Reading Wars: Phonics vs. Whole Language Instruction
What Is the Difference Between Implicit and Explicit Phonics Instruction?
“There’s more than one way to skin a cat” is an idiom (or saying) that means there are multiple ways to accomplish something. In most cases, it is absolutely true; there is usually more than one solution to a problem and different ways to approach most tasks. When talking about teaching reading, there are several approaches that have been researched and debated. The aforementioned idiom also means that an issue can be approached in different ways, but the final result will be the same. With reading, that is not the case. The manner of instruction is just as important, if not more so, as what is instructed, and it significantly affects the results.
What Is Explicit Phonics Instruction?
Explicit phonics, part of the structured literacy approach, also referred to as synthetic phonics, builds from part to whole. It begins with the instruction of the letters (graphemes) with their associated sounds (phonemes). Next, explicit phonics teaches blending and building, beginning with blending the sounds into syllables and then into words. Explicit phonics is scientifically proven and research based.
What Is Implicit Phonics Instruction?
Implicit phonics, also referred to as analytical phonics, moves from the whole to the smallest part. Phonemes associated with particular graphemes are not pronounced in isolation. Students analyze words and look for the common phoneme in a set of words. Through comparison and identification, they deduce which grapheme to write or which phoneme to read. Blending and building are not usually taught, and students identify new words by their shape, beginning and ending letters, and context clues. This analysis (breaking down) of the whole word to its parts is necessary only when a child cannot read it as a whole word. This is a whole-language approach.

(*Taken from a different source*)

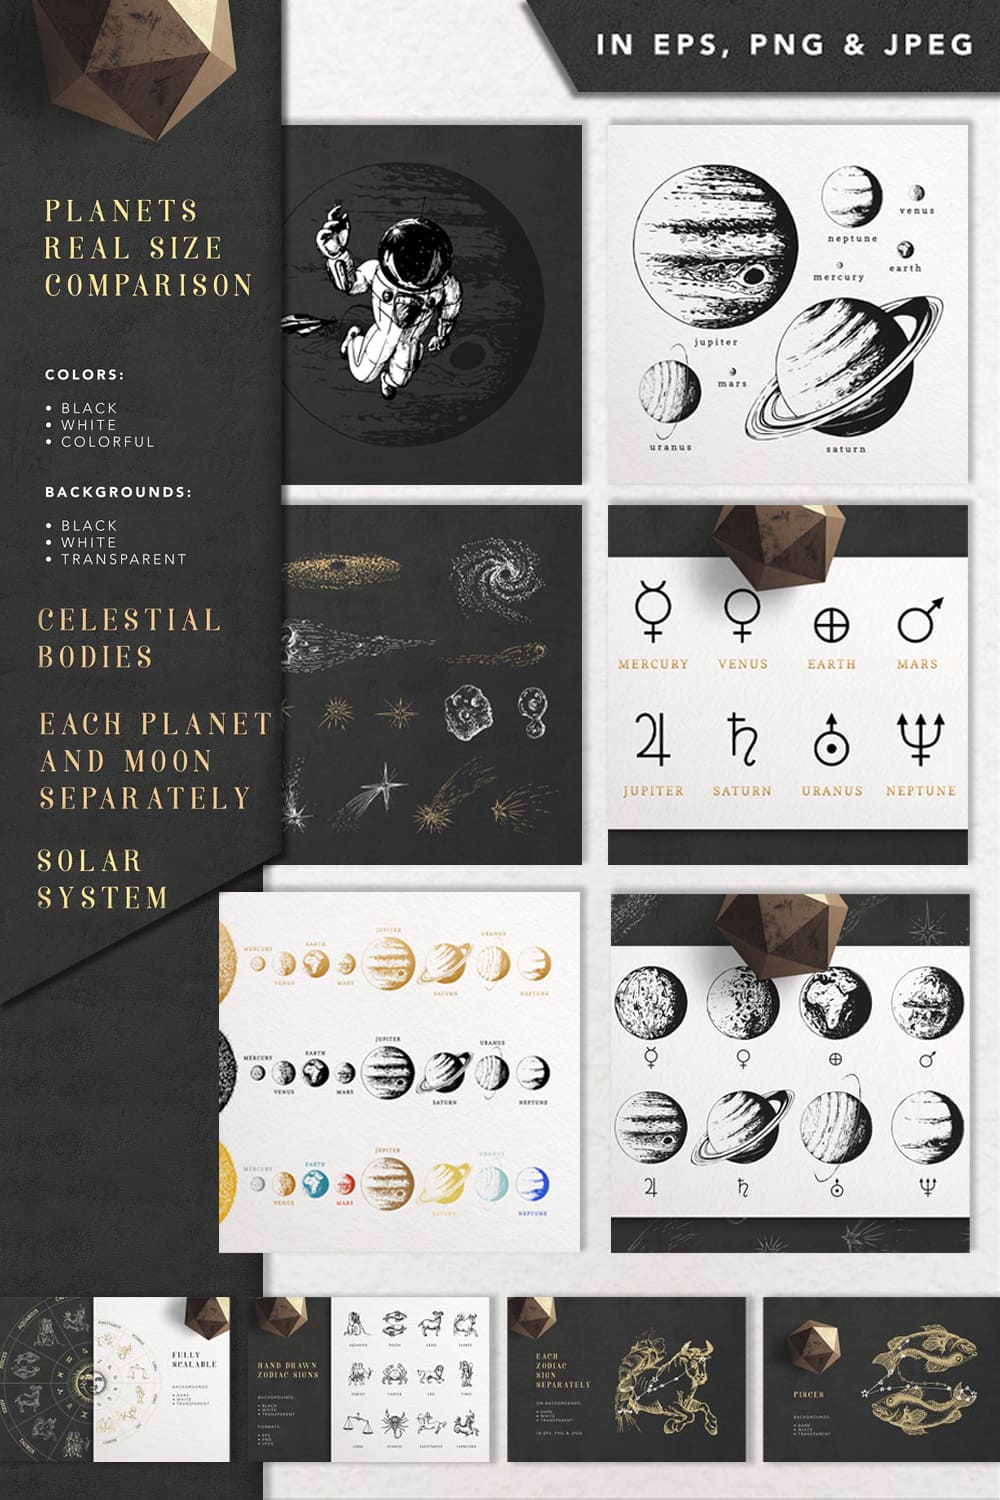 Space Collection with Moon and Planets pinterest image.

Which Approach to Teaching Phonics Is Best?
Research has been conclusive that explicit phonics instruction is the most effective. The U.S. Department of Education, the National Research Council, and the National Reading Panel have all conducted research and have released finding reports that support this statement. The National Reading Panel’s report on its quantitative research studies on areas of reading instruction was published in 2000. The panel reported that several reading strategies are critical to becoming good readers: phonics for word identification, fluency, vocabulary, and text comprehension. With regard to phonics, its meta-analysis of hundreds of studies confirmed the findings of the National Research Council: Teaching phonics (and related phonics skills, such as phonemic awareness) is a more effective way to teach children early reading skills than is embedded phonics or no phonics instruction (taken from National Institute of Child Health and Human Development . Report of the National Reading Panel. Teaching children to read: An evidence-based assessment of the scientific research literature on reading and its implications for reading instruction [NIH Publication No. 00-4769]. Washington, D.C.: U.S. Government Printing Office).
Scientific research has clearly demonstrated that explicit phonics instruction is the single-most effective approach for all students. Obviously, many students can learn to read without such instruction; however, it is not only the at-risk students who achieve greater success under a phonics regime – so do those in the average and below-average reading groups (those who do OK but do not excel). A large-scale study by Barbara Foorman and colleagues from the University of Houston found that explicit, systematic phonics was by far the most effective approach. It was also more effective in reducing the occurrence of reading problems than any of the one-on-one tutorial programs that were evaluated, including Reading Recovery. Her findings are consistent with both currently accepted theories of reading development and instruction and with other empirical research emphasizing student outcome measures.
What Is the Outcome?
While results show that most types of phonics instruction can be beneficial for students, it has been conclusive that explicit phonics is the most effective and is necessary for those with processing issues. Empowering any student with these decoding strategies helps ensure reading success and gives them a solid foundation for their academic future.